There’s a piece of him that wonders if he should have just taken the punishment, if telling his teammates how he felt breached some sort of barrier not meant to be crossed. Miyuki had said it once, that they’re not there to play house. Their relationship off the field holds little weight so long as they come together in the moments spent on it. Those donning the Seido blue and gold alongside him are meant to be his coworkers—boys he aligns himself with to achieve a common goal: winning a national title.

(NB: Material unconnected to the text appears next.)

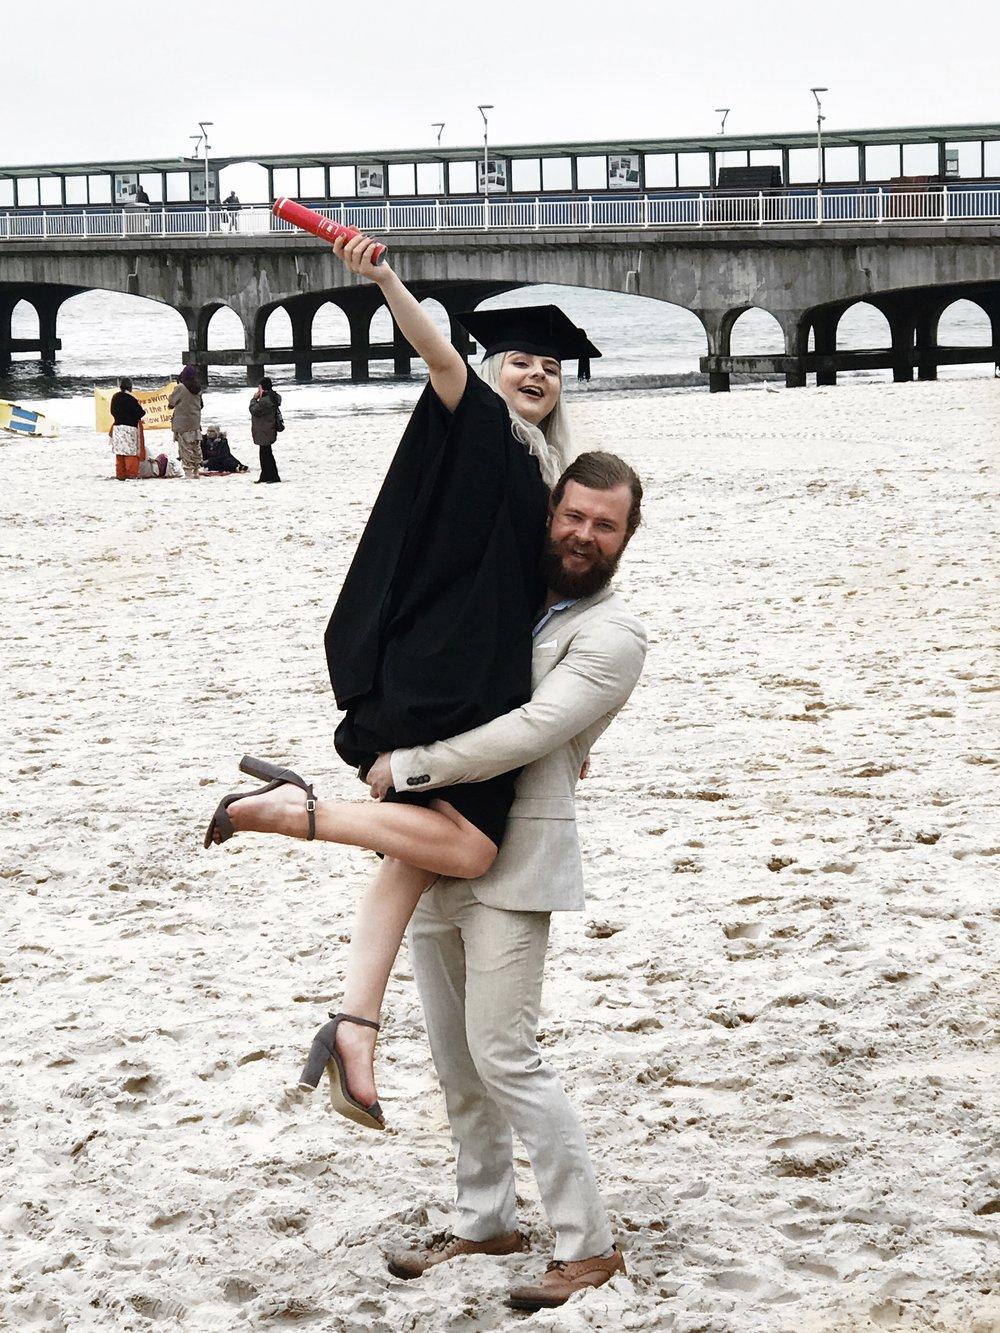 graduation on bournemouth beach
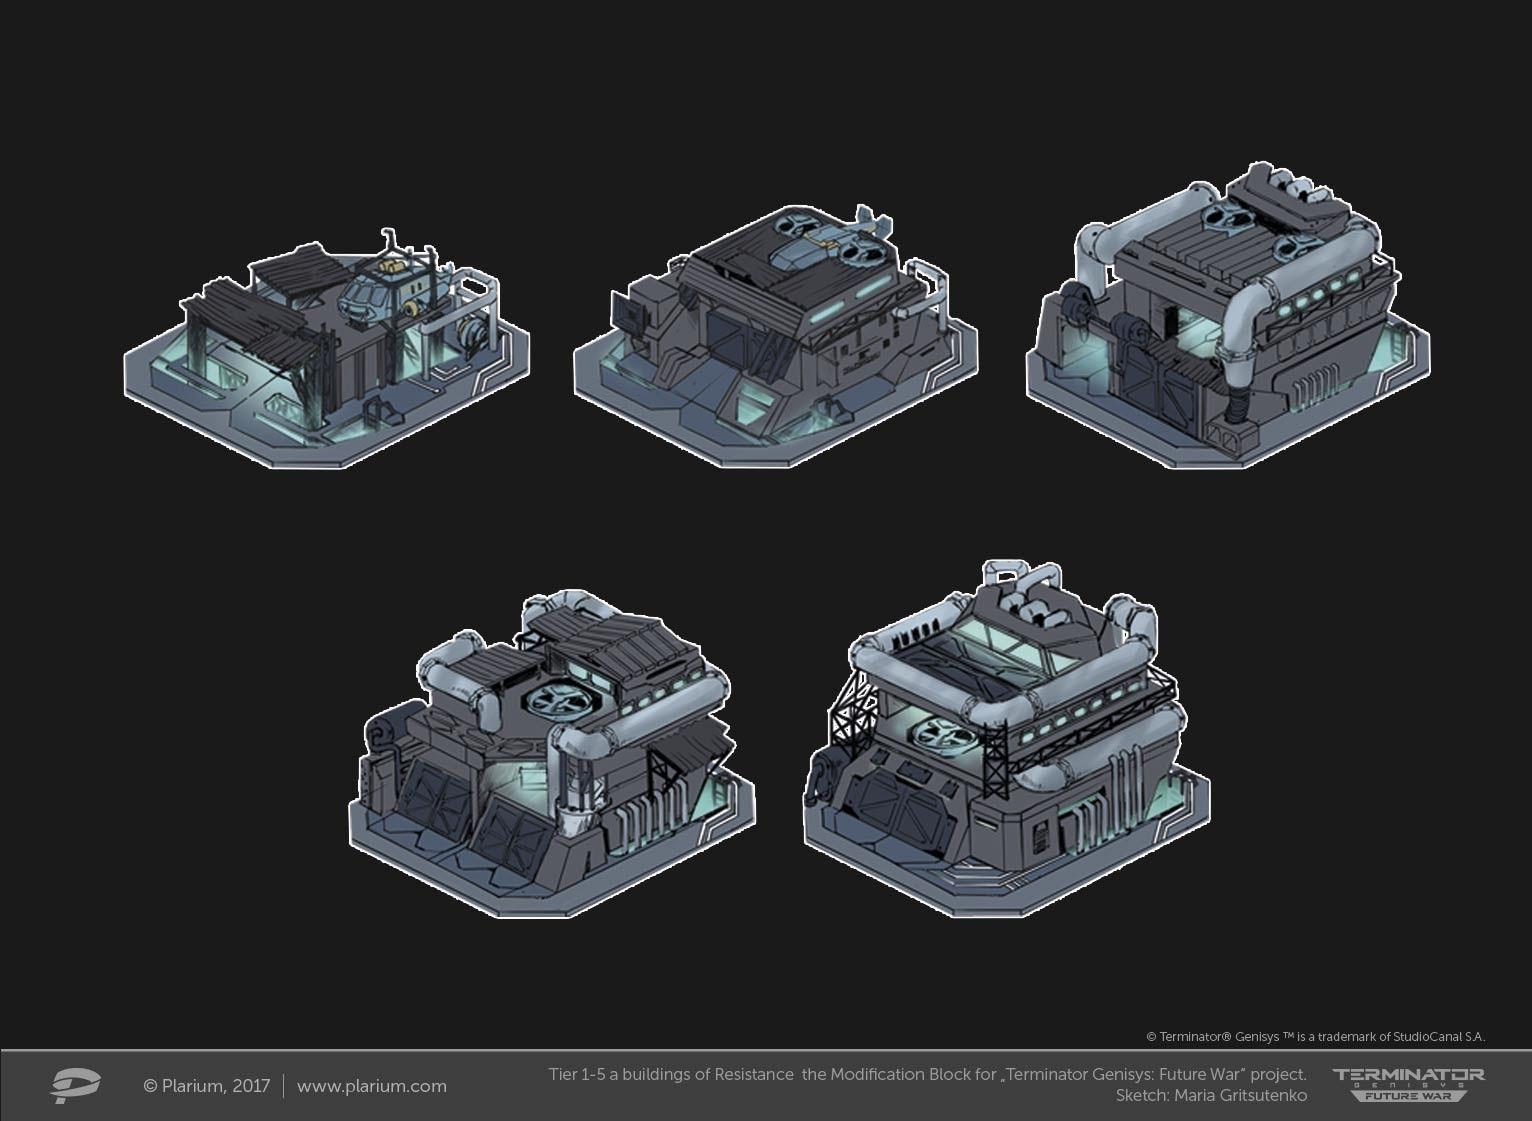 "ArtStation - Tiers 1-5 a buildings the Modification Block for ""Terminator Genesis: Future War"" project, Maria Gritsutenko"

Watching their blank stares feels like something new. Maybe it’s because expressing himself so directly is the first step in admitting that he cares for the boys circled up around him. Maybe it’s because what he’s just done feels a lot like friendship.
(Even if he’s never used this word aloud.)
Fuck.
Youichi’s never been good at friendship. Like any relationship, it requires reciprocacy—a balance of give and take. After spending middle school giving and giving and giving, and finding nothing there for him to take, he let those memories follow him to Seido. Even now, they hang over him like an unforgiving specter, reminding him of what happens when you give your all to people unwilling to return the favor.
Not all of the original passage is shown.